INSTRUCTIONS FOR THE TASK:
Only what runs from the line with "Ridiculous Classic Polo ls shirt white" to the end of the data should appear in the answer, exactly as written and without pictures.

RECORDED DATA:
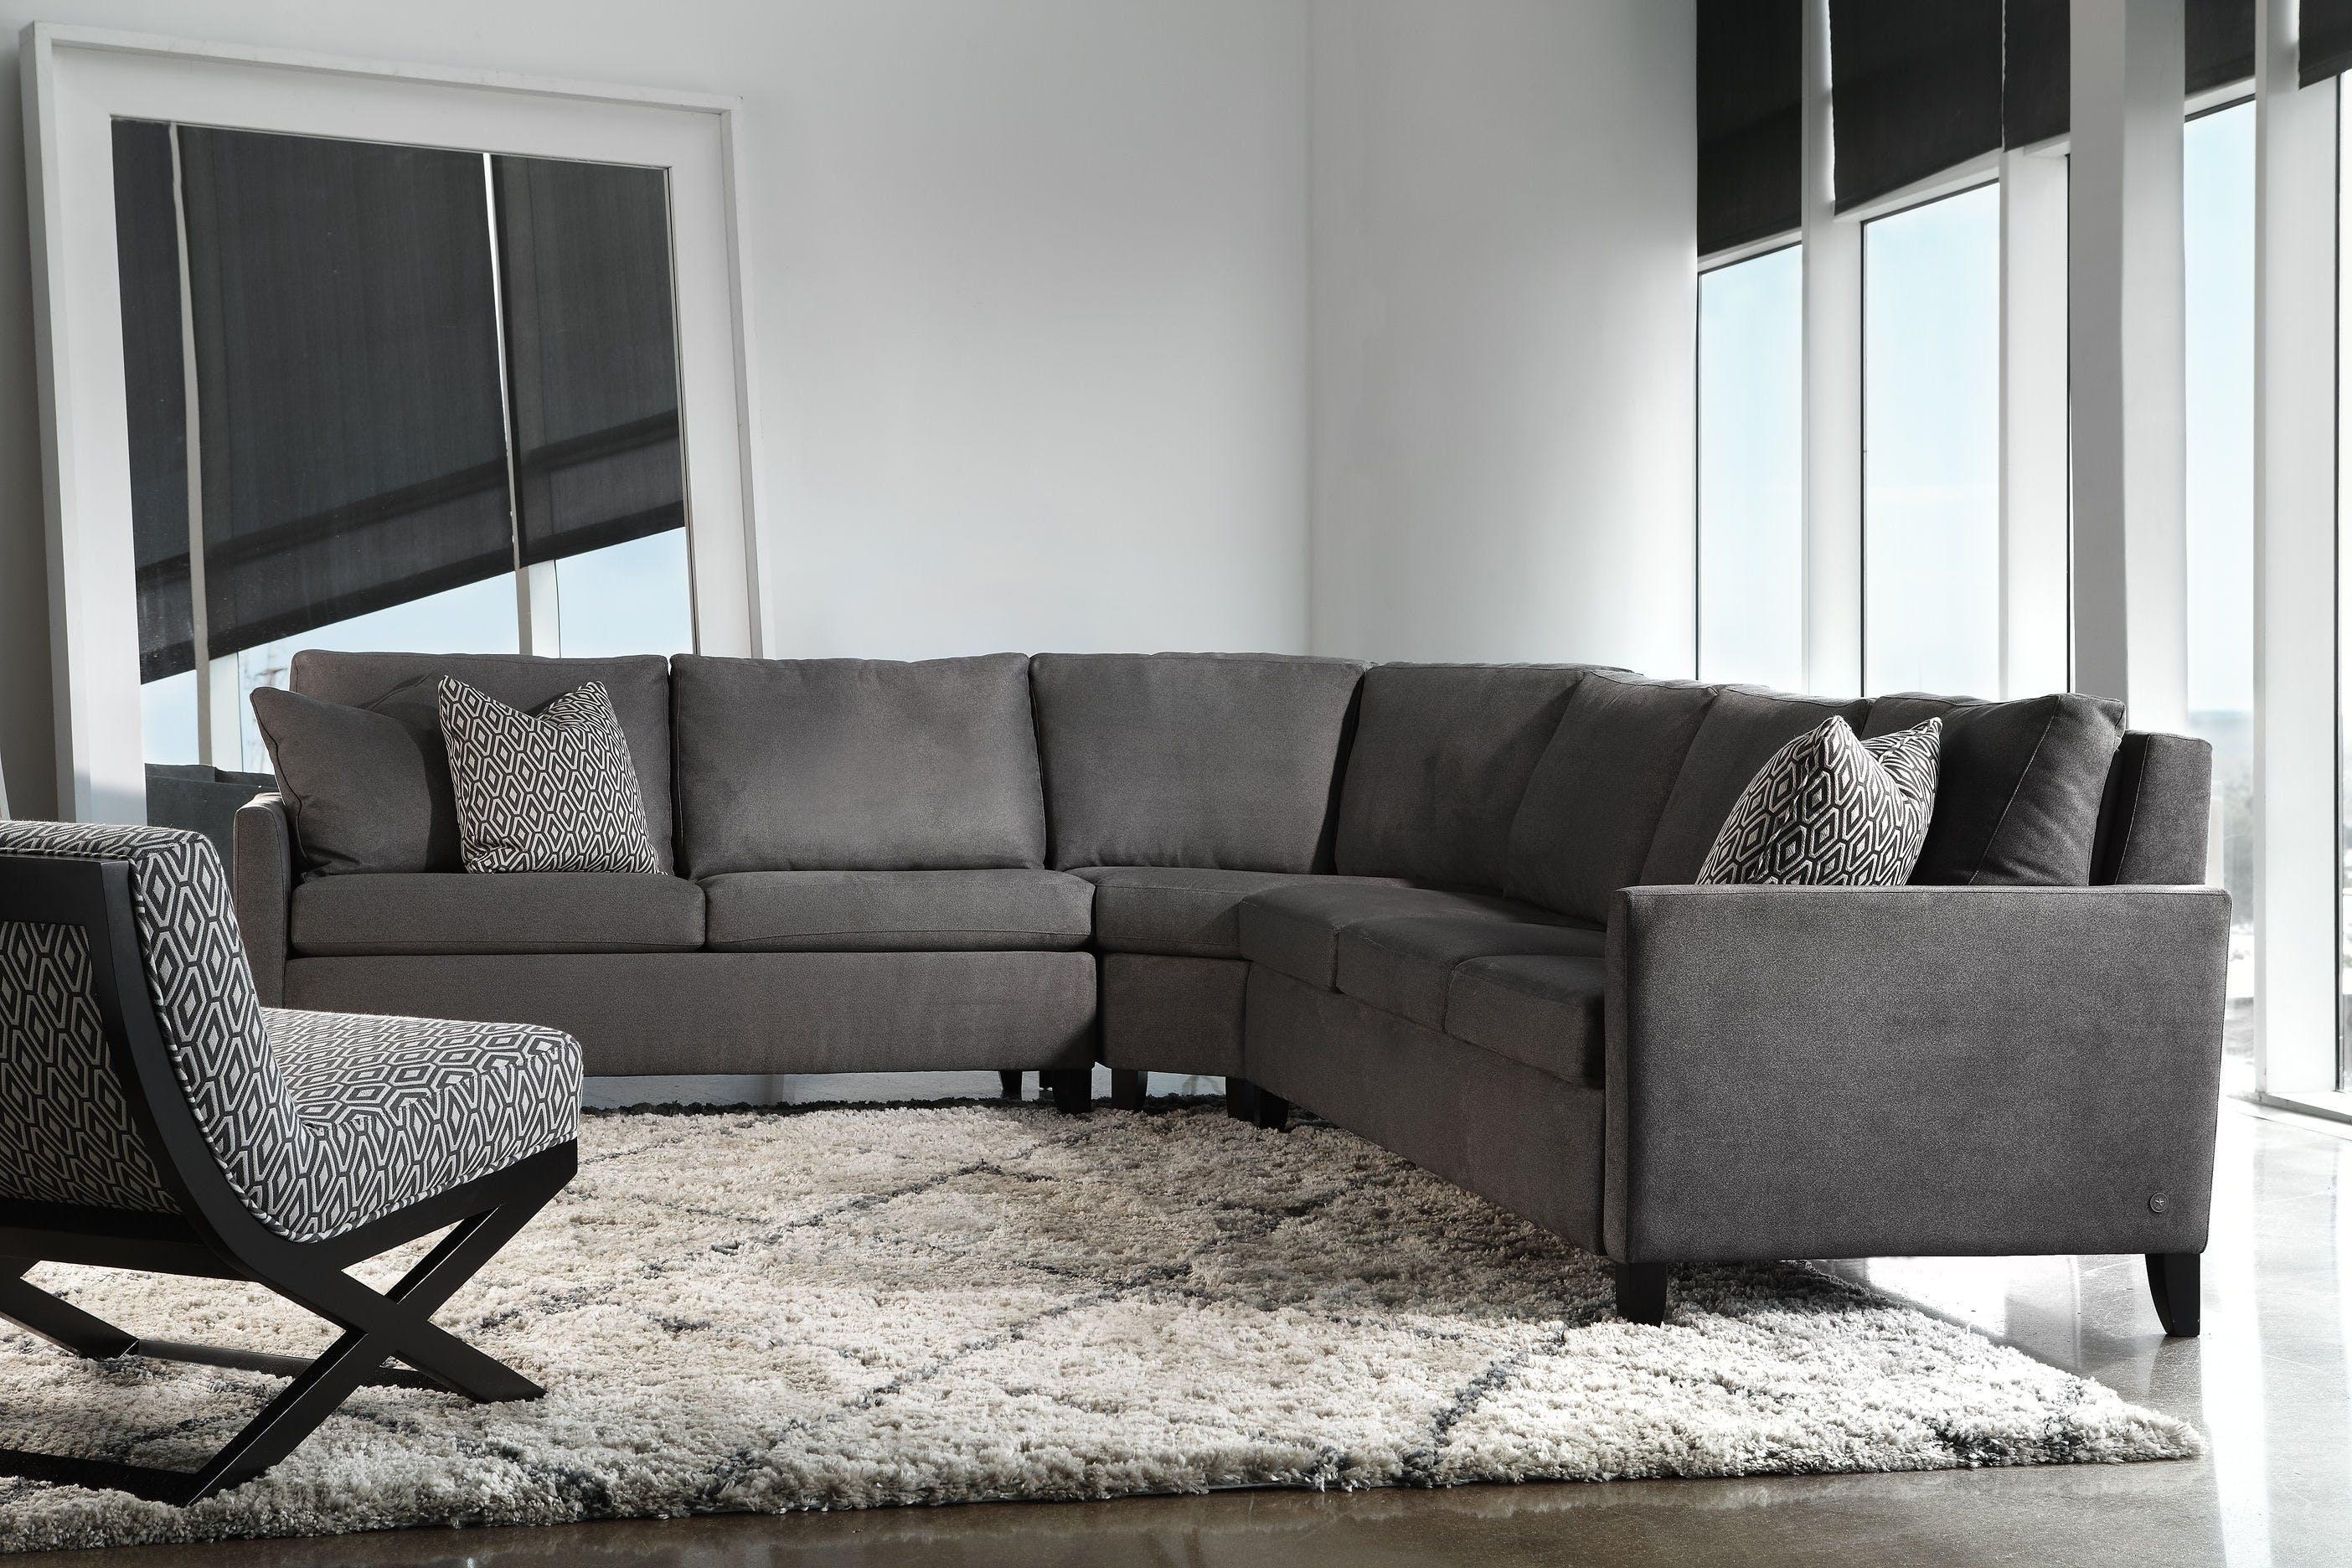 Furniture: Costco Sectionals | Berkline Sectional Costco | Macys With Regard To Berkline Sofas (Image 7 of 20)
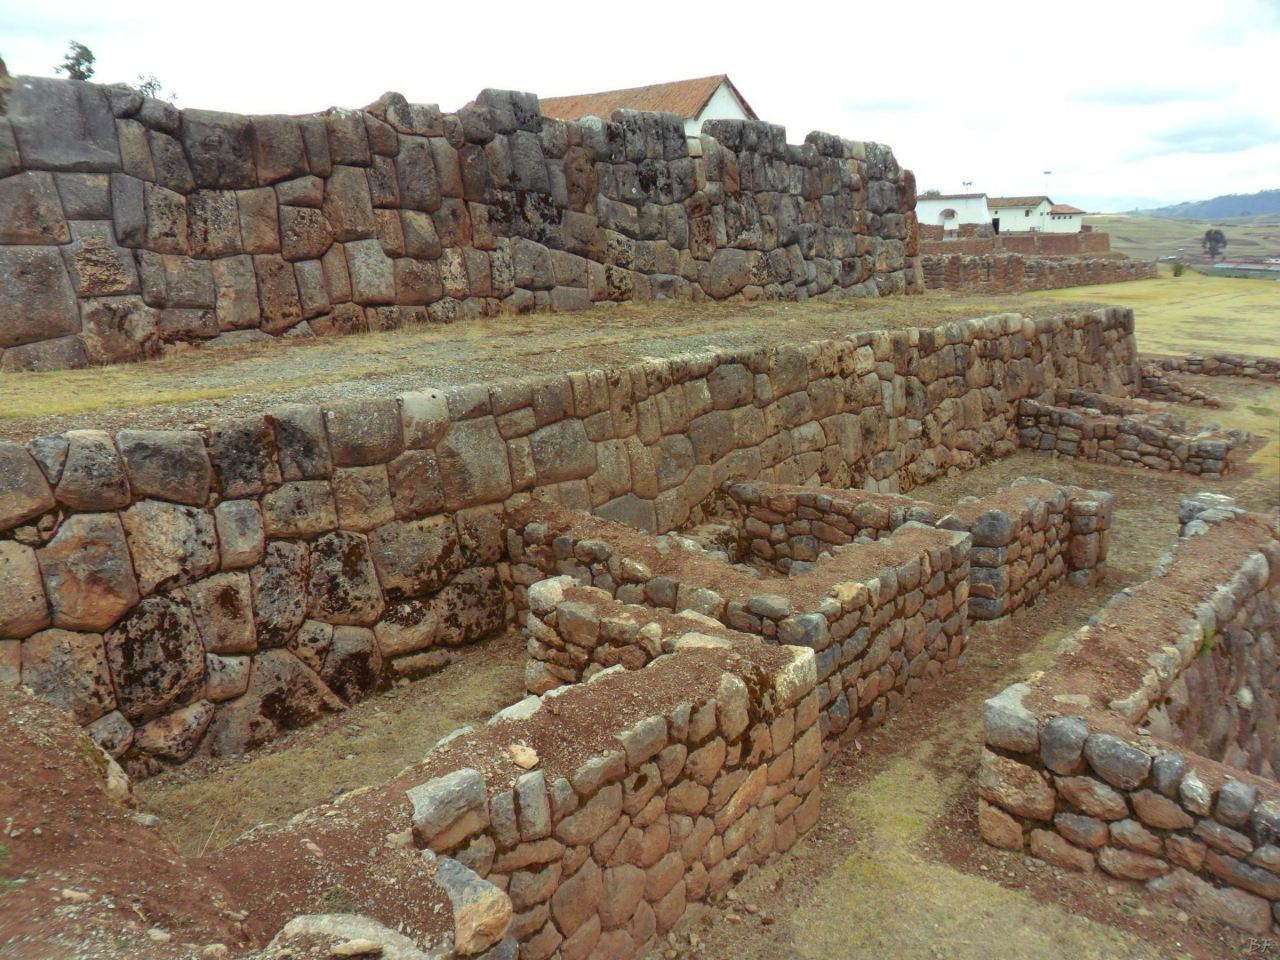 Chinchero-Mura-Poligonali-Piramide-Urubamba-Peru-42
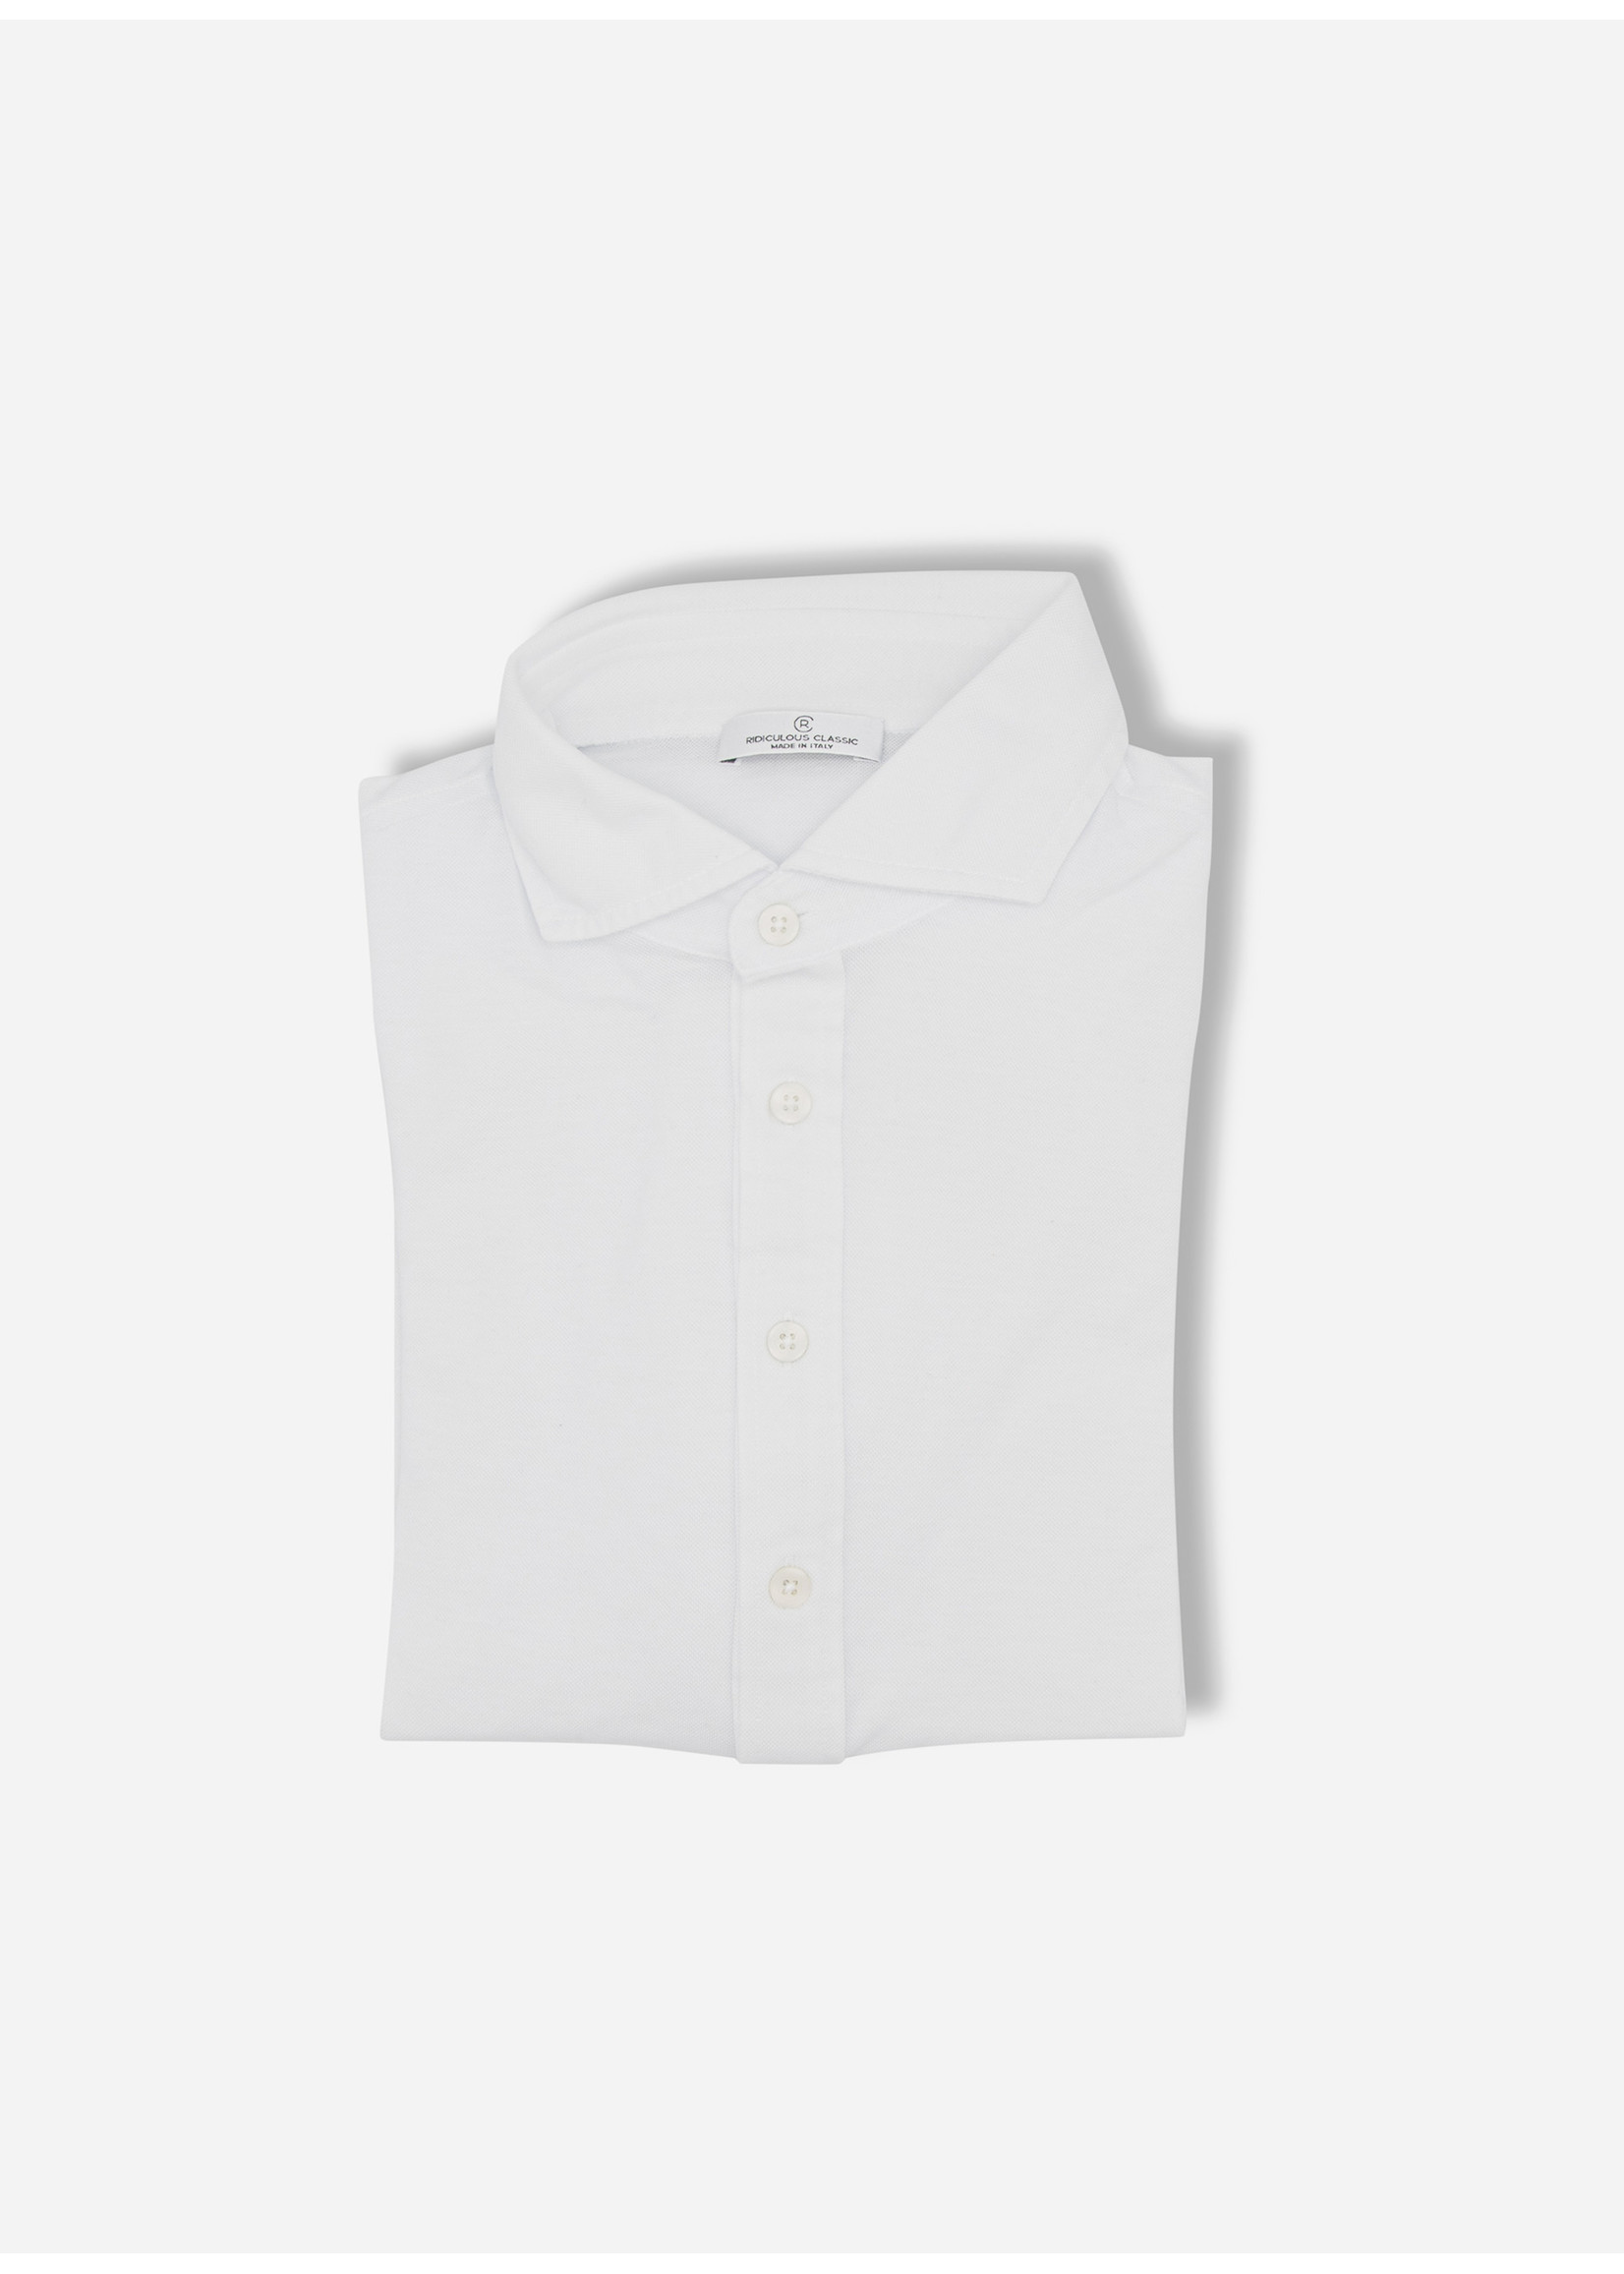 Ridiculous Classic Polo ls shirt white
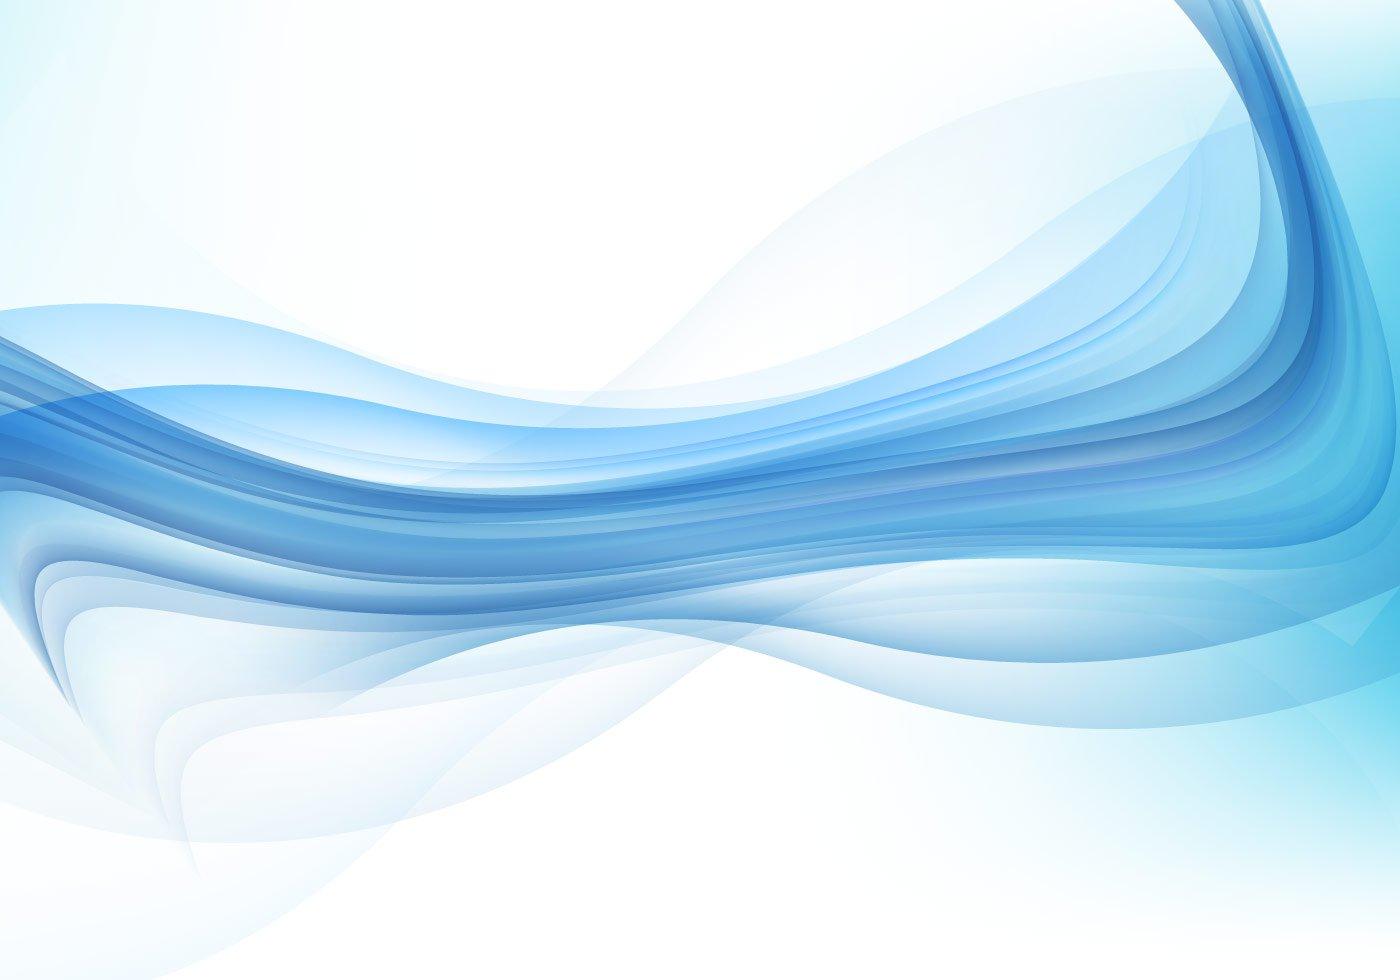 Background HD wallpapers, Desktop wallpaper - most viewed

EXPECTED OUTPUT:
 Ridiculous Classic Polo ls shirt white
 Background HD wallpapers, Desktop wallpaper - most viewed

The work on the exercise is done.